E a tendência é que a produção continue avançando, de acordo com projeção da Companhia Nacional de Abastecimento (Conab).
A soja responde por boa parte desse crescimento: a produção foi estimada em 180,6 milhões de toneladas, alta de 5,3%. A estatal projeta ainda exportações de 116,3 milhões de toneladas de soja na temporada.
Grande parte desse crescimento decorre de uma particularidade do modelo brasileiro, que realiza duas ou, em algumas regiões, até três safras no mesmo ano agrícola. A soja ocupa a área principal durante o verão e, depois da colheita, milho e algodão podem ser plantados na mesma área.
No milho, a produção brasileira da safra 2025/26 foi estimada pela Conab em 141,7 milhões de toneladas. A escala alcançada transforma o Brasil em fornecedor relevante para mercados que tradicionalmente dependiam mais dos Estados Unidos.
No primeiro semestre de 2026, as exportações brasileiras de milho cresceram 20,6% em faturamento em relação mesmo período de 2025, de acordo com o Ministério do Desenvolvimento, Indústria, Comércio e Serviços (MDIC).
Na pecuária, o avanço é ainda mais evidente. O Brasil terminou 2025 com recorde de US$ 17,9 bilhões em exportações de carne bovina, aumento de 39,9% em valor e de 20,4% em volume.

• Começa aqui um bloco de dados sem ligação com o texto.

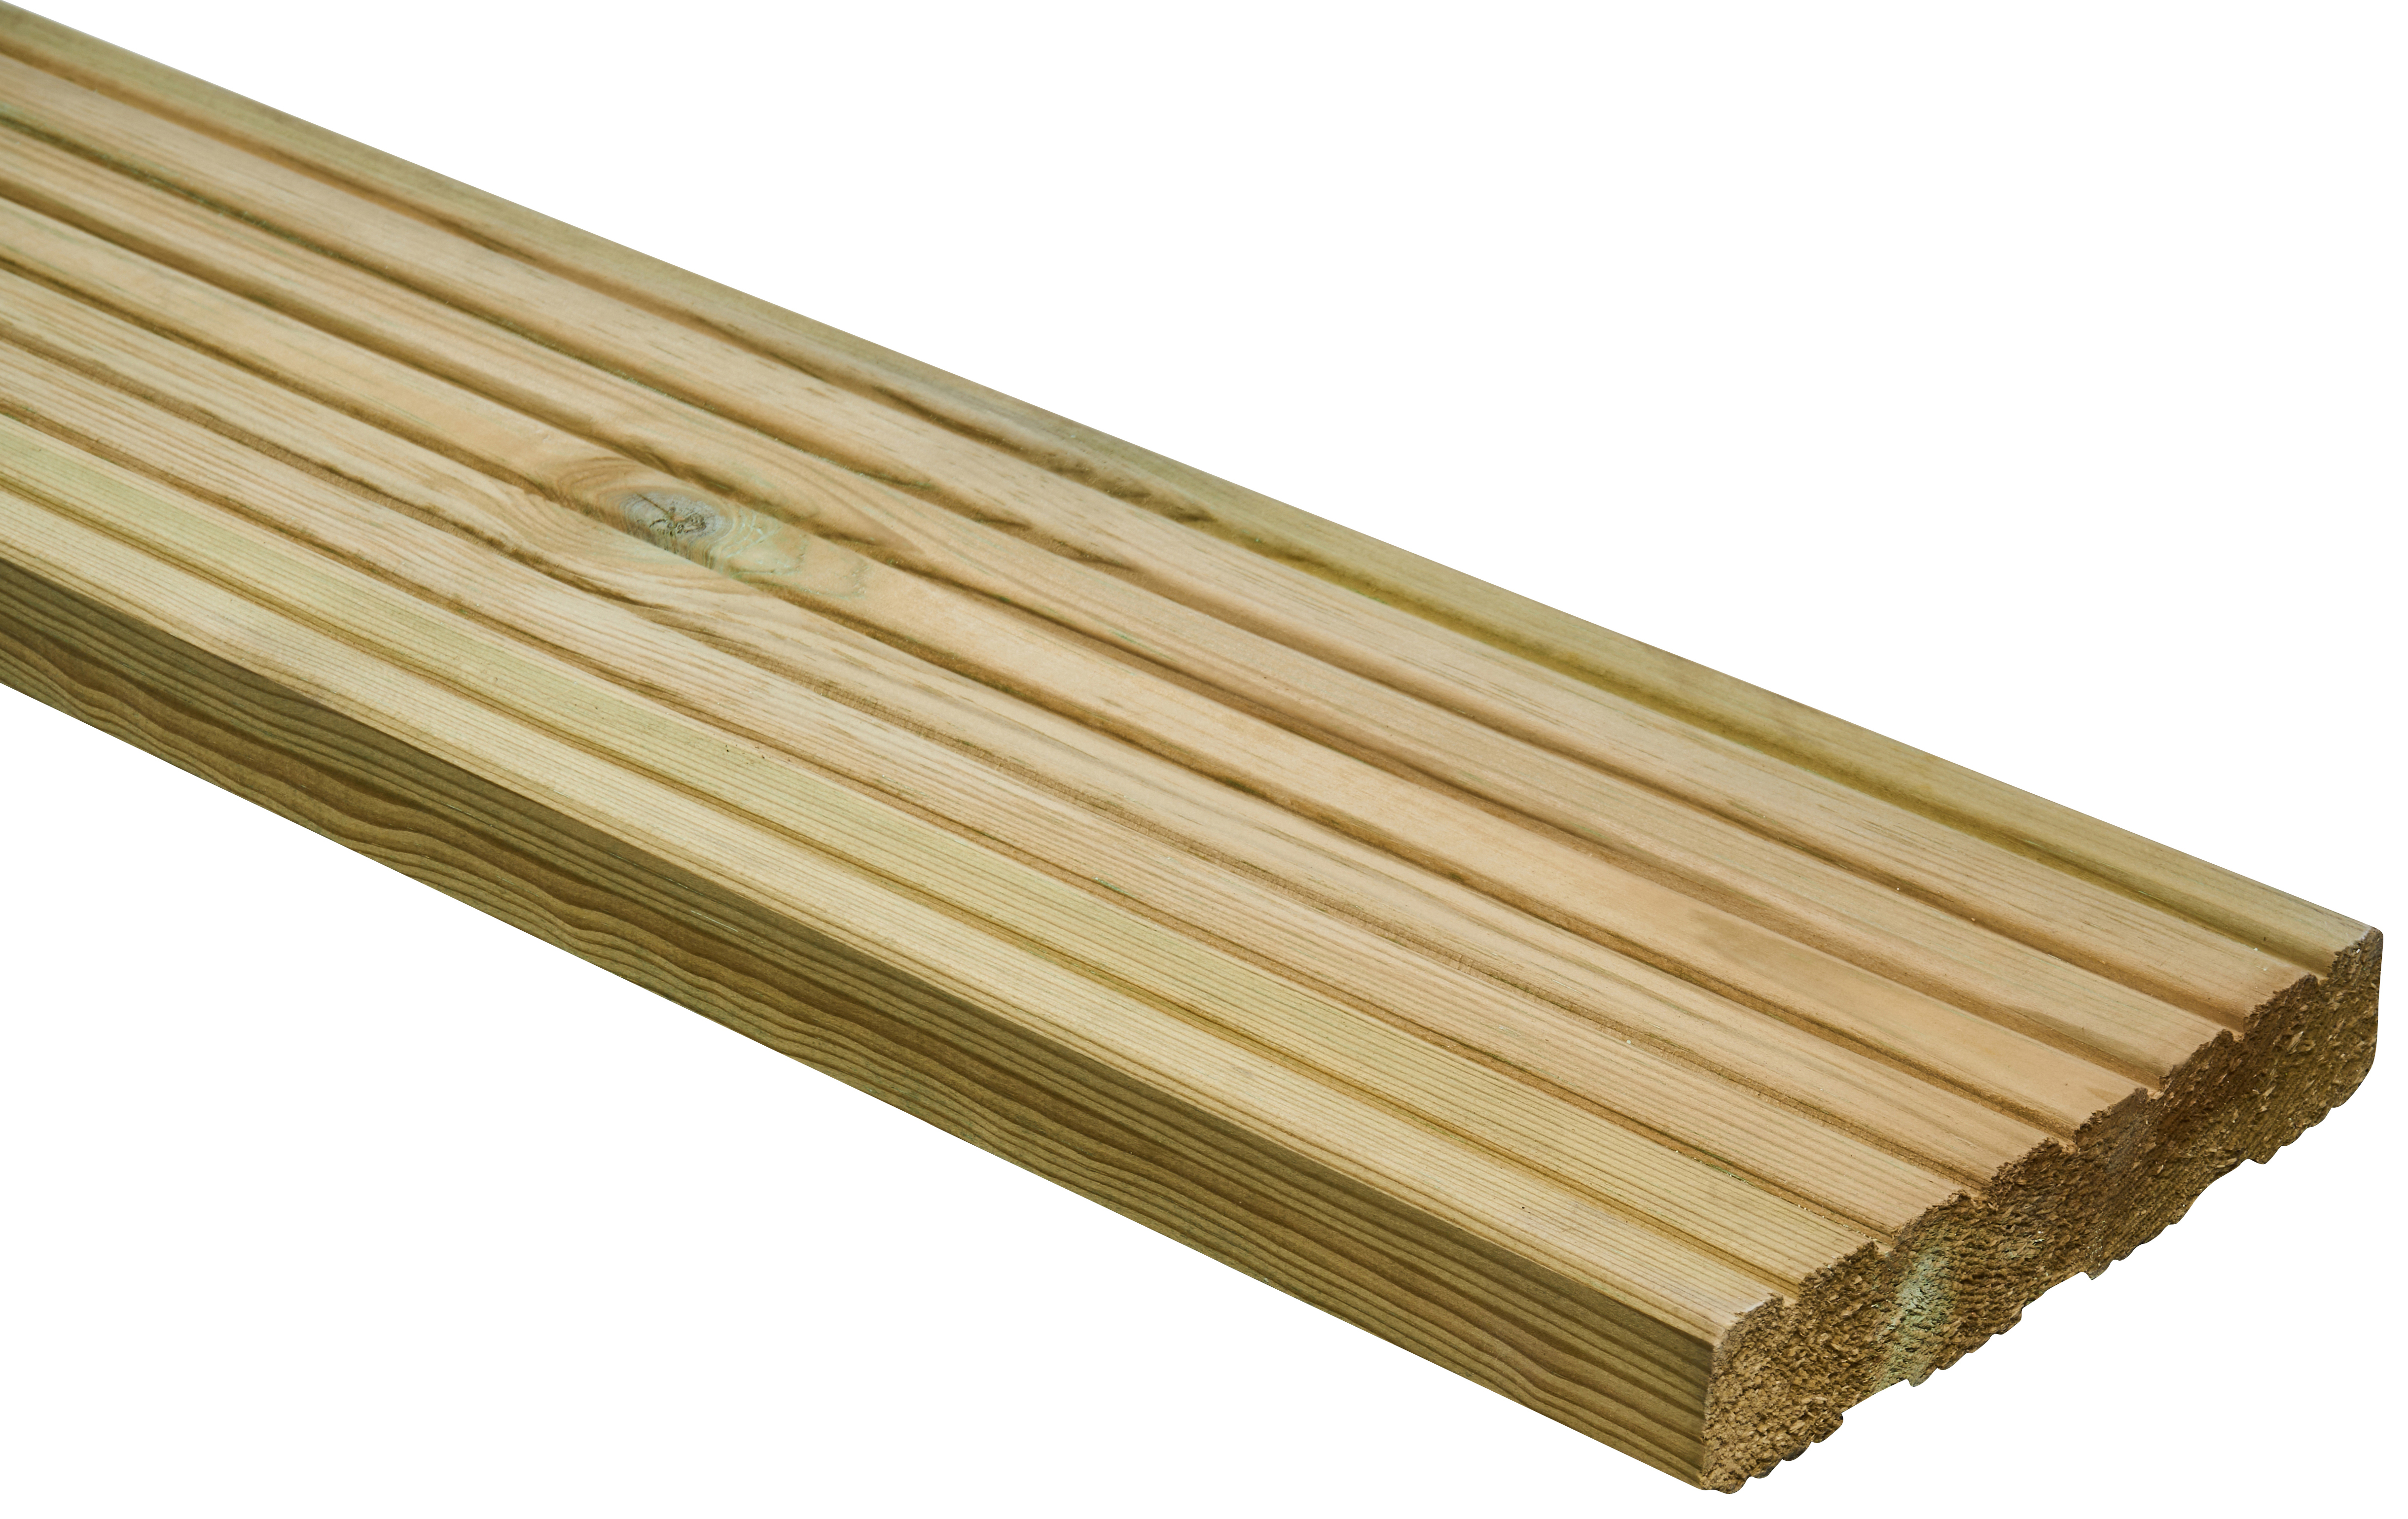 Wickes Pro Timber Deck Board - 27 x 144 x 3600mm

O país também se tornou, pela primeira vez, o terceiro maior exportador mundial de carne suína. A produção recorde de carnes bovina, suína e de frango ampliou a quantidade disponível para o mercado externo sem comprometer o abastecimento doméstico, segundo o Mapa.
O café representa outro exemplo de como a força exportadora brasileira não depende de uma ou duas commodities. Em 2025, o país exportou US$ 16 bilhões em café, alta de 30,3% em valor. Para 2026, a Conab estima uma safra recorde de 66,2 milhões de sacas beneficiadas, 17,1% acima da produção de 2025.
O açúcar completa o quadro. O Brasil já é o maior exportador mundial da commodity e responde por aproximadamente 23% da produção global.

VEJA TAMBÉM:
- Em feito inédito, Brasil ultrapassa EUA e vira maior produtor de carne bovina do mundo
- Dez mitos sobre agrotóxicos no Brasil desmentidos por dados e pesquisas
Brasil ganhou com China, mas abriu centenas de novos mercados
A diferença entre os dois modelos aparece com nitidez na relação com a China. O mercado chinês foi, durante anos, um dos principais destinos da soja americana, mas a guerra comercial entre Washington e Pequim alterou a estrutura desse comércio.
O USDA registra que as exportações agrícolas americanas para a China despencaram em 2025. Enquanto isso, a China comprou US$ 55,3 bilhões em produtos agropecuários brasileiros no mesmo ano, equivalente a 32,7% das exportações do agronegócio nacional. O valor cresceu 11% em relação a 2024.
O resultado é uma mudança de dependência. Para o produtor americano, a perda do mercado chinês significa buscar compradores alternativos para grandes volumes de soja, milho e outros produtos. Para o brasileiro, a disputa comercial abriu espaço para ampliar uma relação que já havia se tornado estrutural.
A vantagem brasileira, contudo, não se resume às exportações para o gigante asiático. O Mapa contabiliza 664 novos mercados abertos para produtos agropecuários brasileiros nos últimos anos. Com mais países comprando do Brasil, o setor ganhou mais opções para vender sua produção quando algum mercado impõe restrições.
O resultado dessa diversificação ficou evidente durante o tarifaço americano e após o registro de influenza aviária no Brasil, quando dezenas de países chegaram a suspender temporariamente as compras. Mesmo assim, o agronegócio brasileiro encerrou 2025 com recorde de exportações.